[WHAT THE EXERCISE ASKS] Keep the pictures out, please, and set down every record exactly.

-*-*-

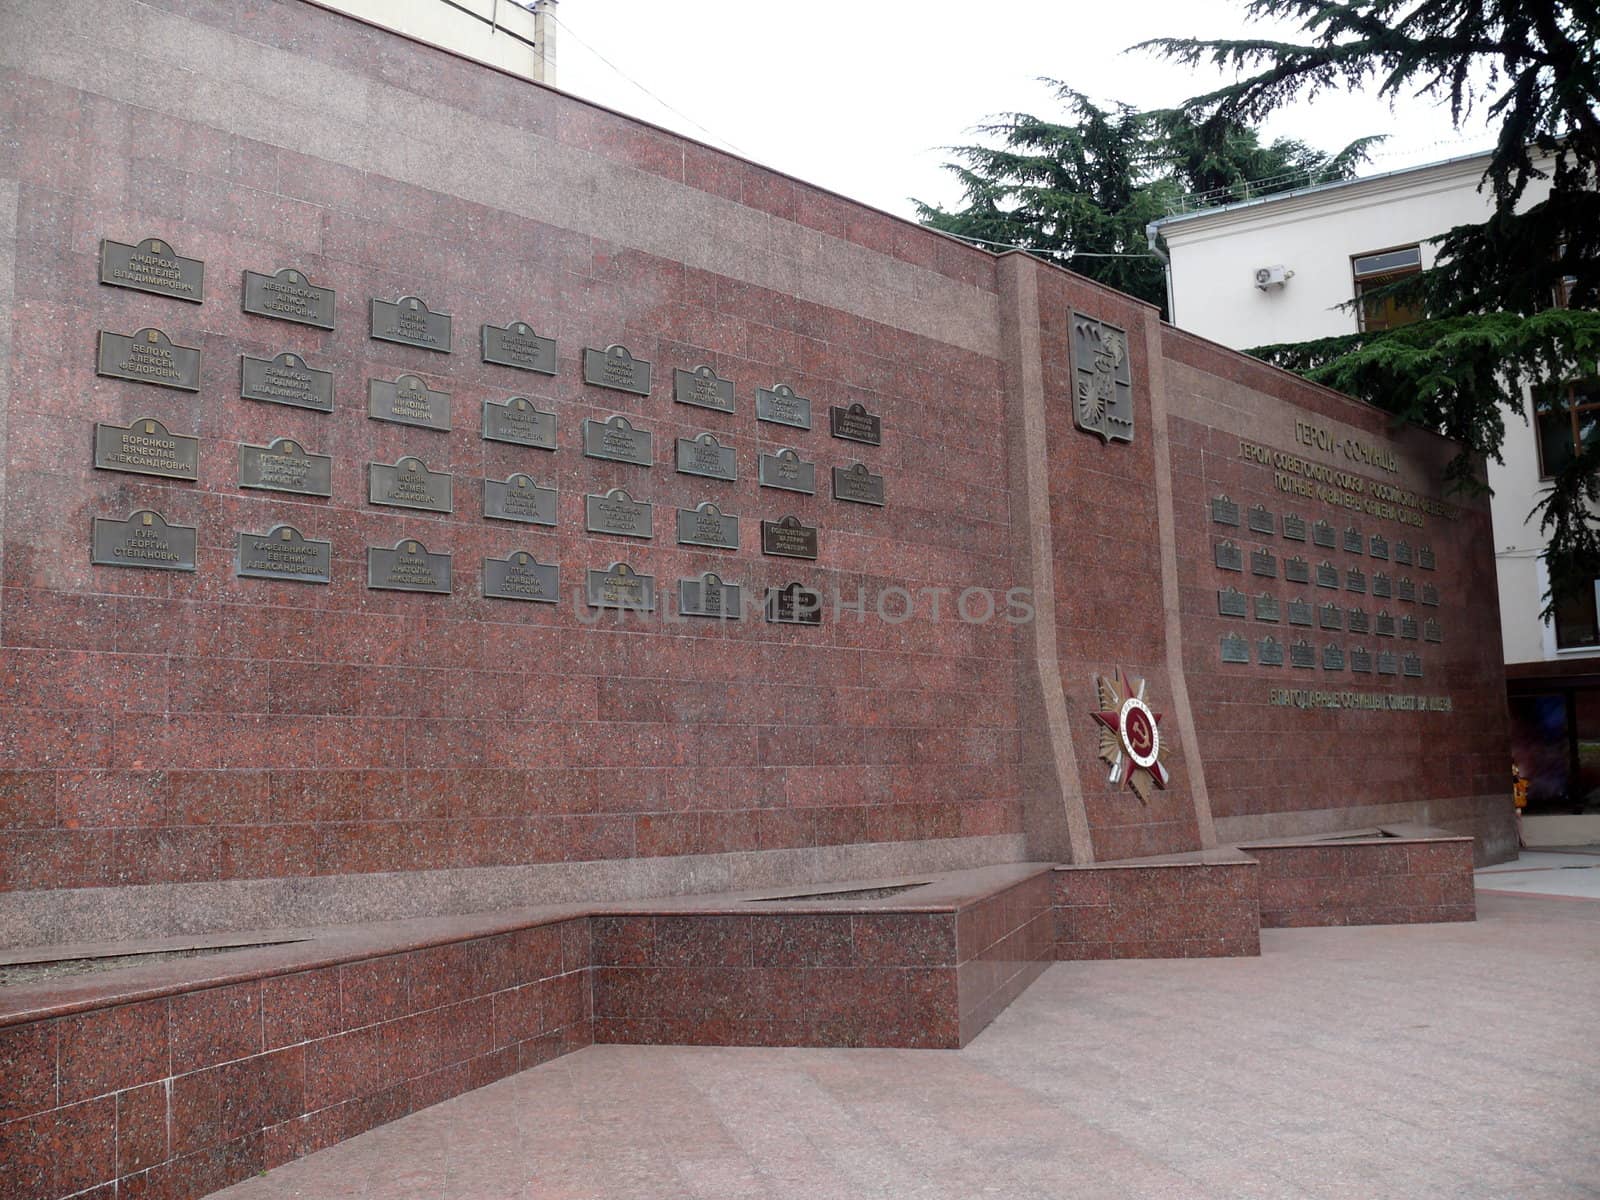 War memorial in the Sochi
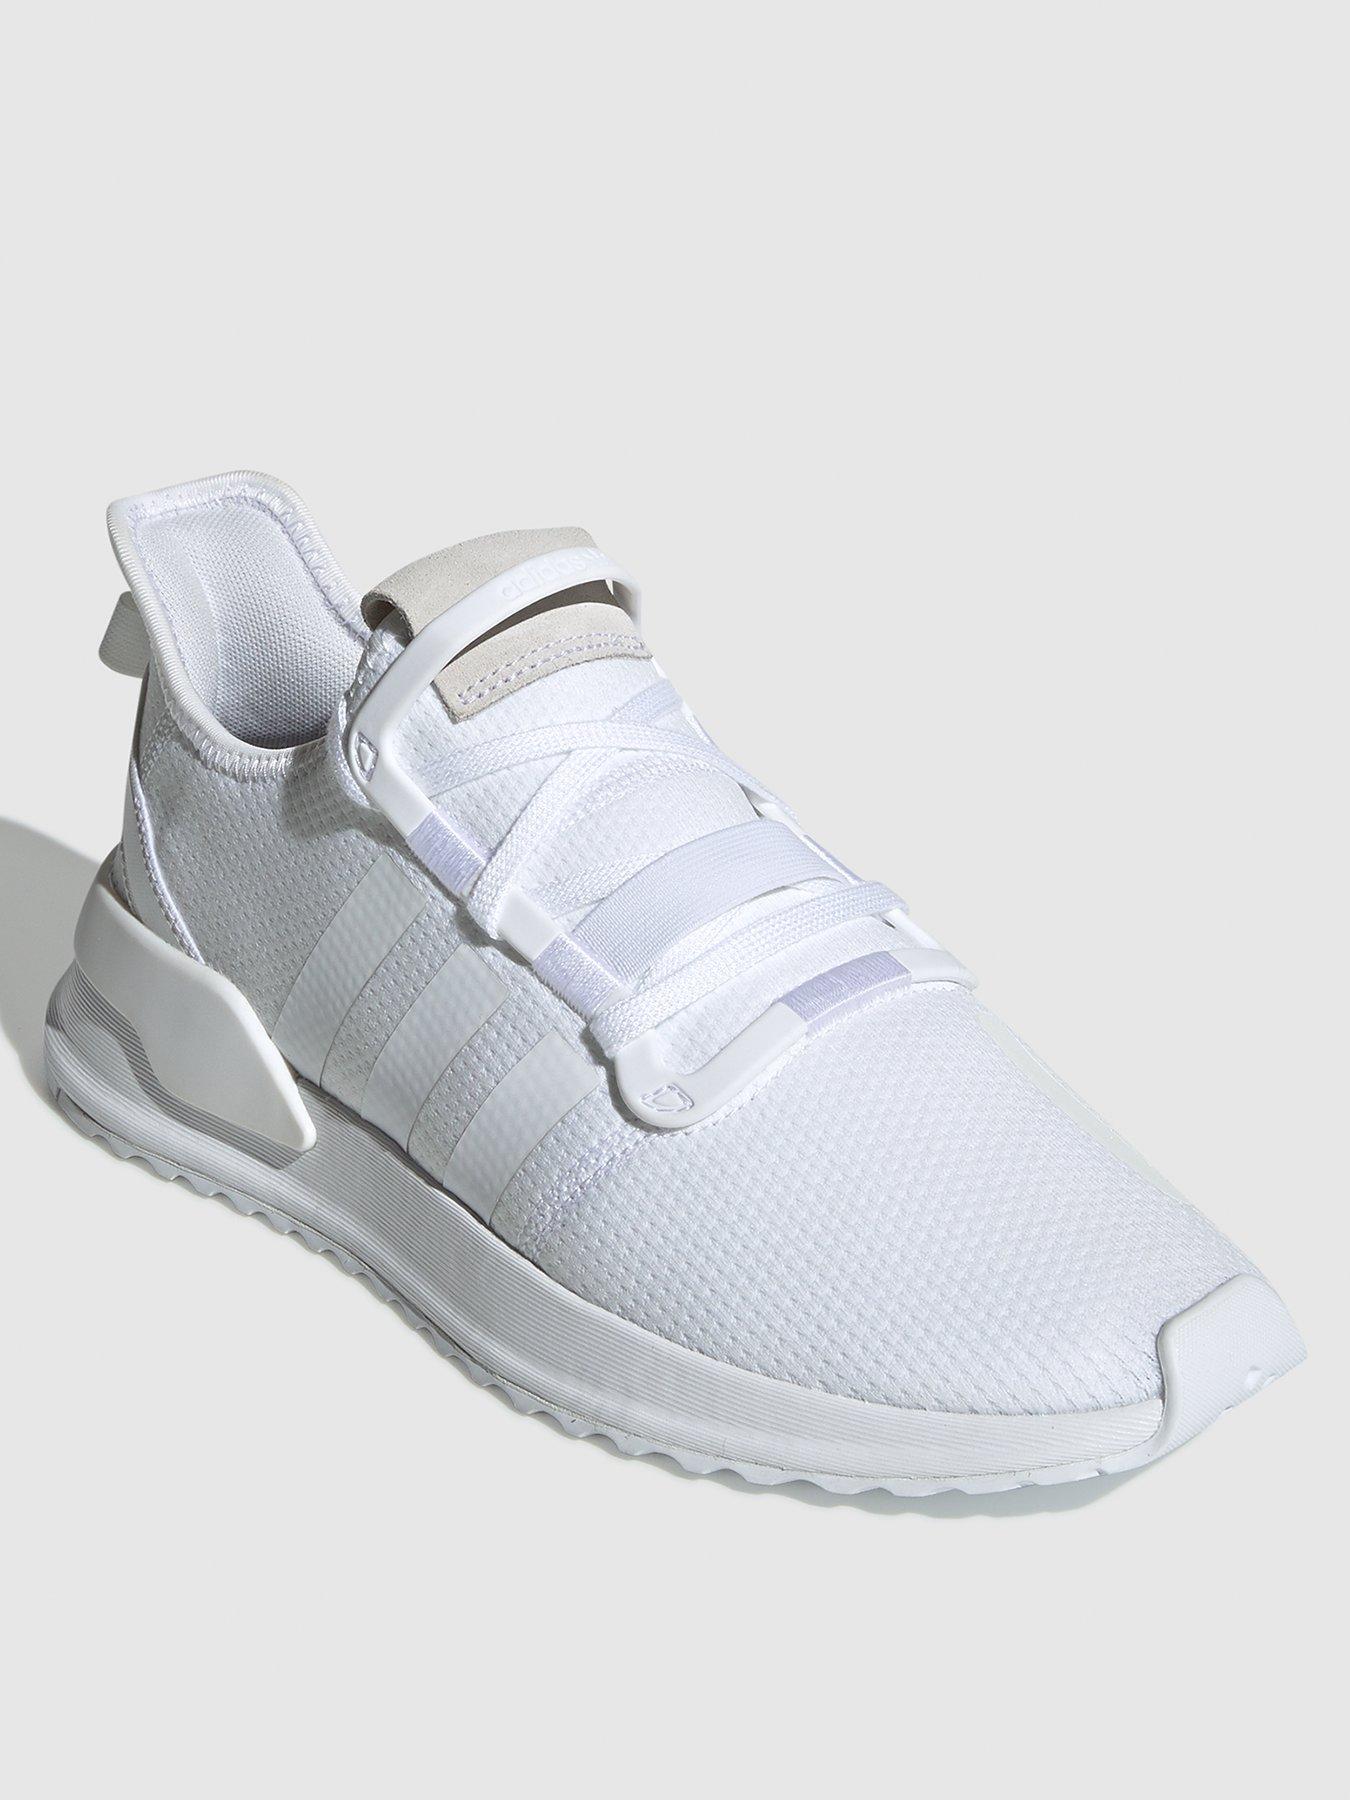 adidas originals u path run trainers in white
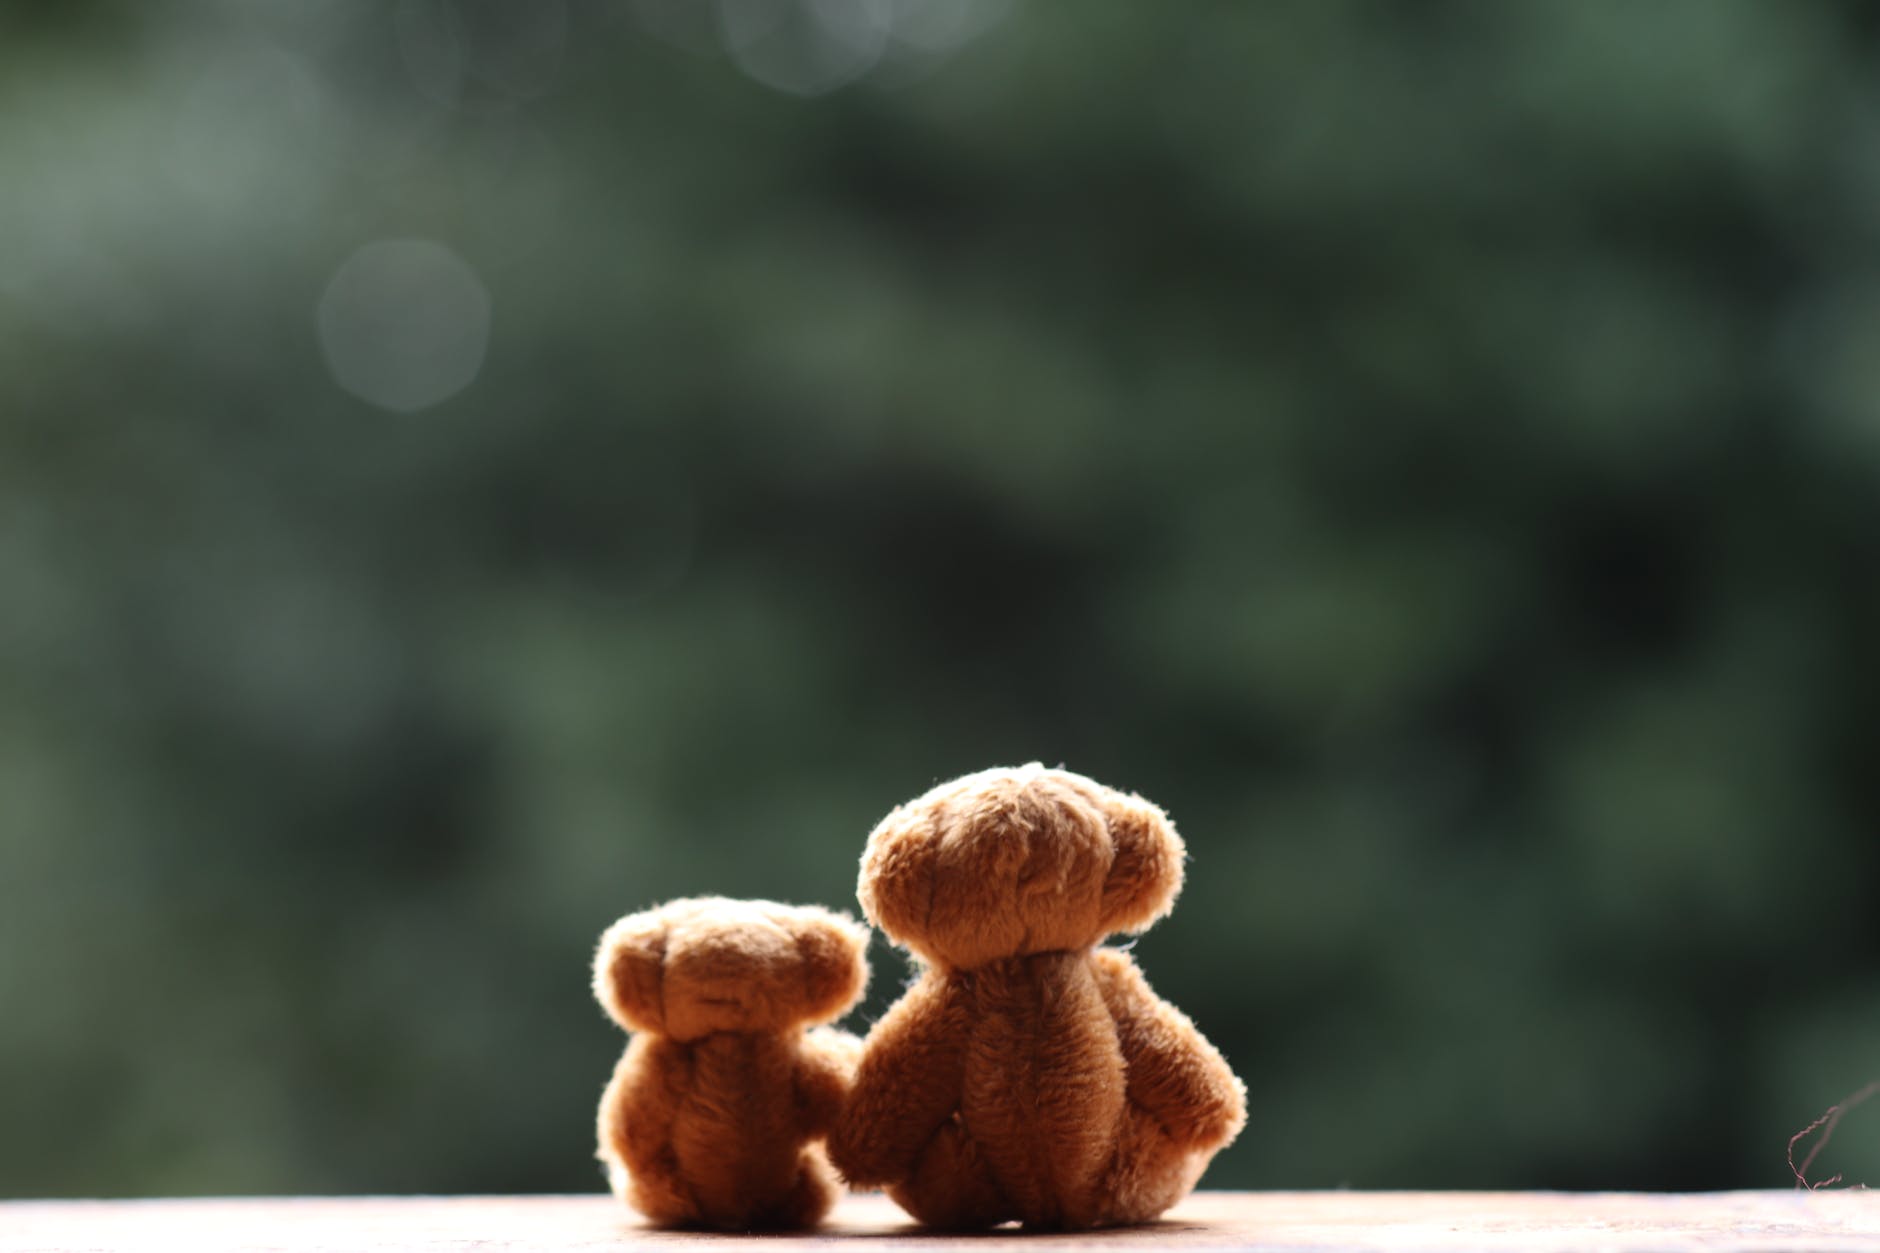 two brown teddy bears
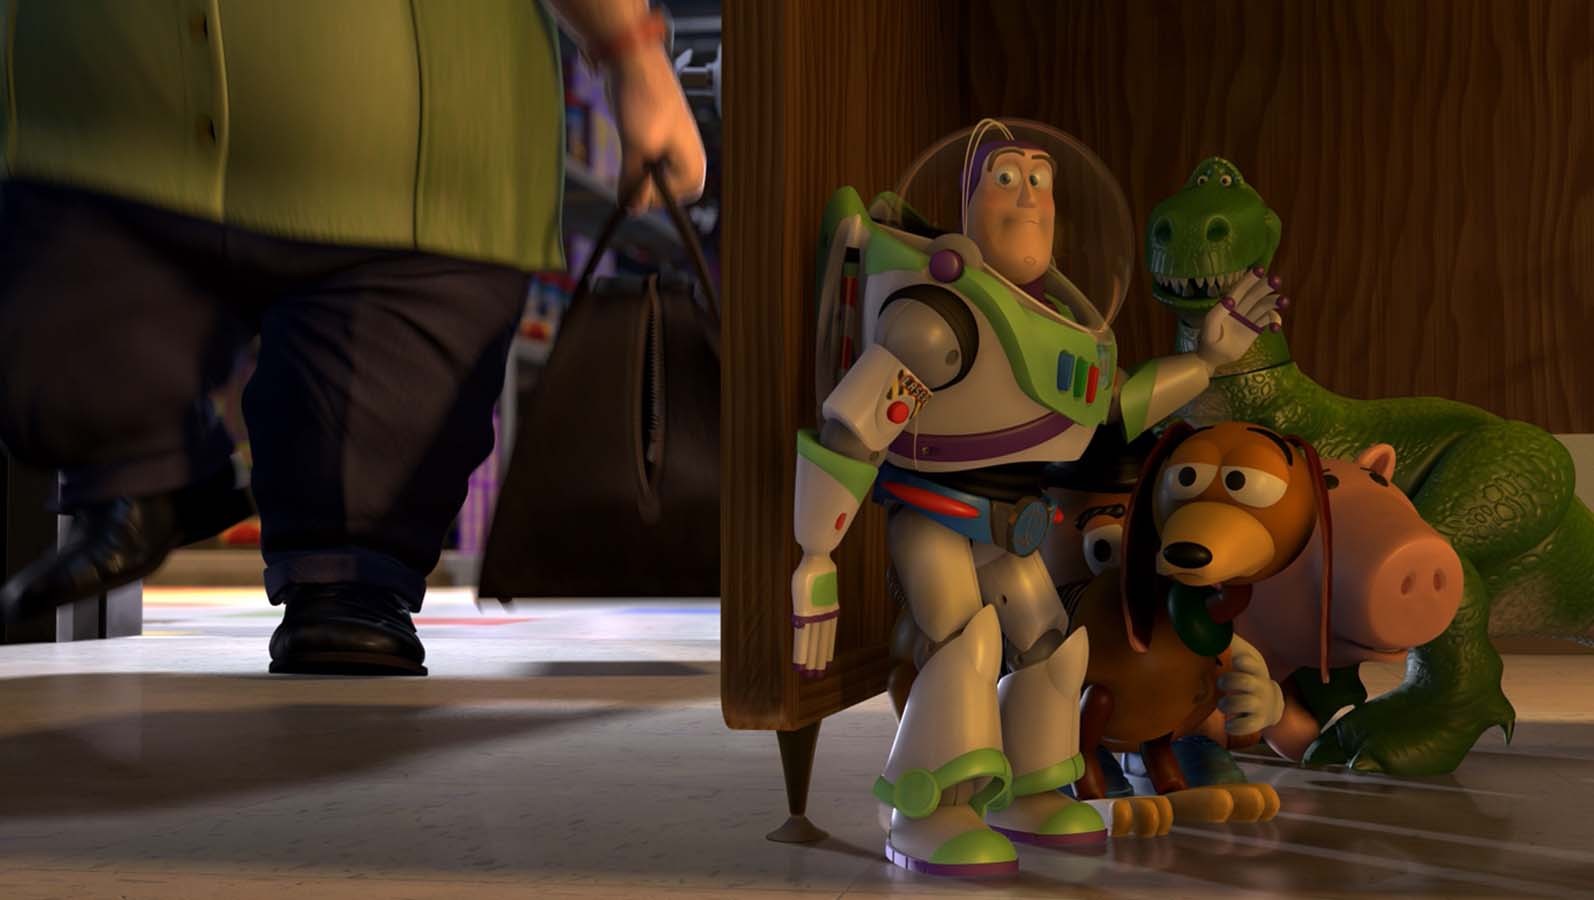 General 1594x900 Toy Story 2 Buzz Lightyear Pixar Animation Studios animated movies movies film stills
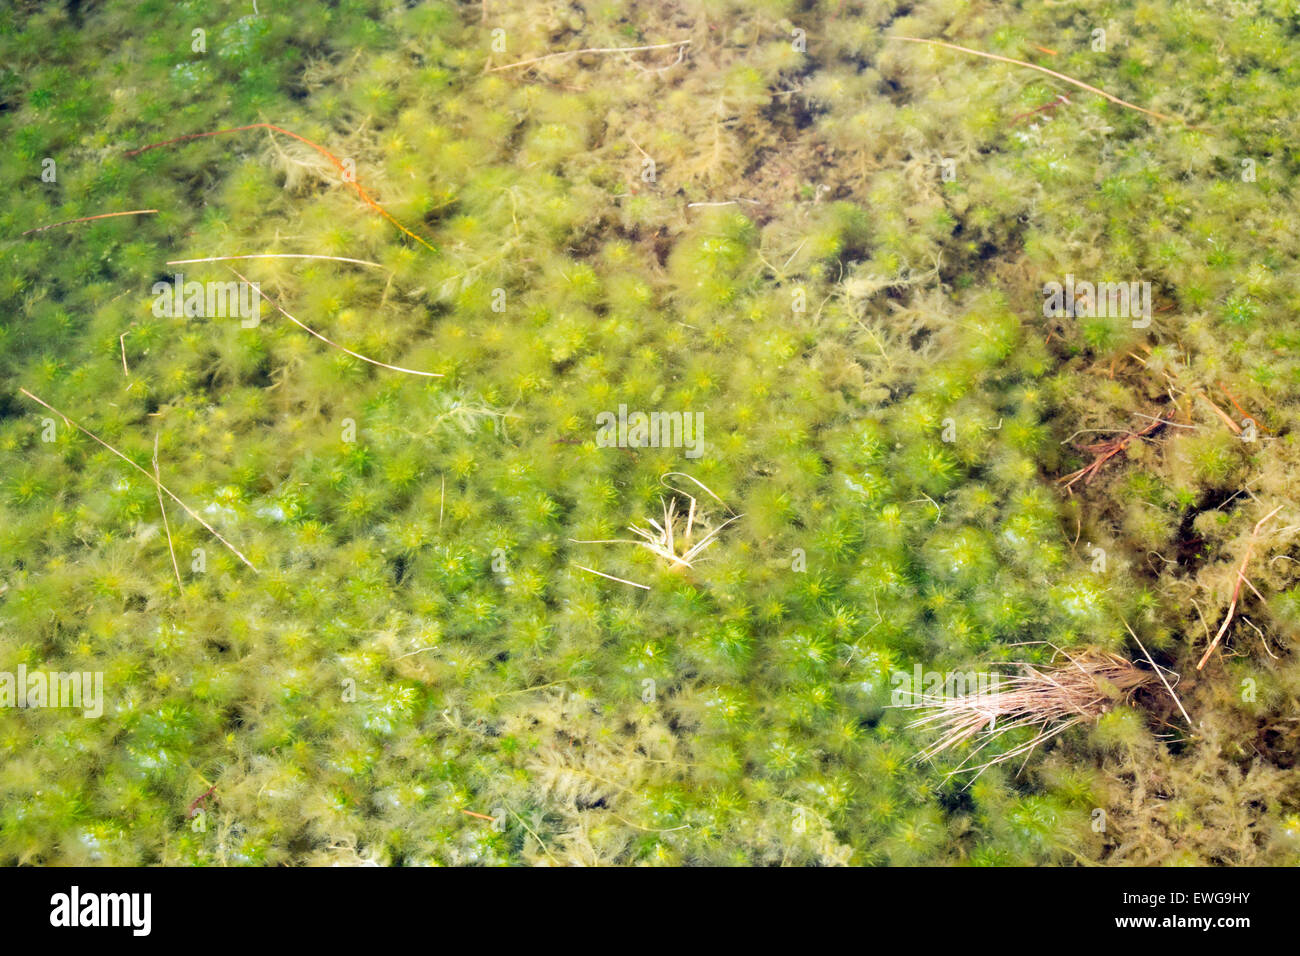 Moss in moorland bog on peat ground. Cumbria, UK. Stock Photo

-*-*-

[WRITTEN SOLUTION]
 War memorial in the Sochi
 adidas originals u path run trainers in white
 two brown teddy bears
 General 1594x900 Toy Story 2 Buzz Lightyear Pixar Animation Studios animated movies movies film stills
 Moss in moorland bog on peat ground. Cumbria, UK. Stock Photo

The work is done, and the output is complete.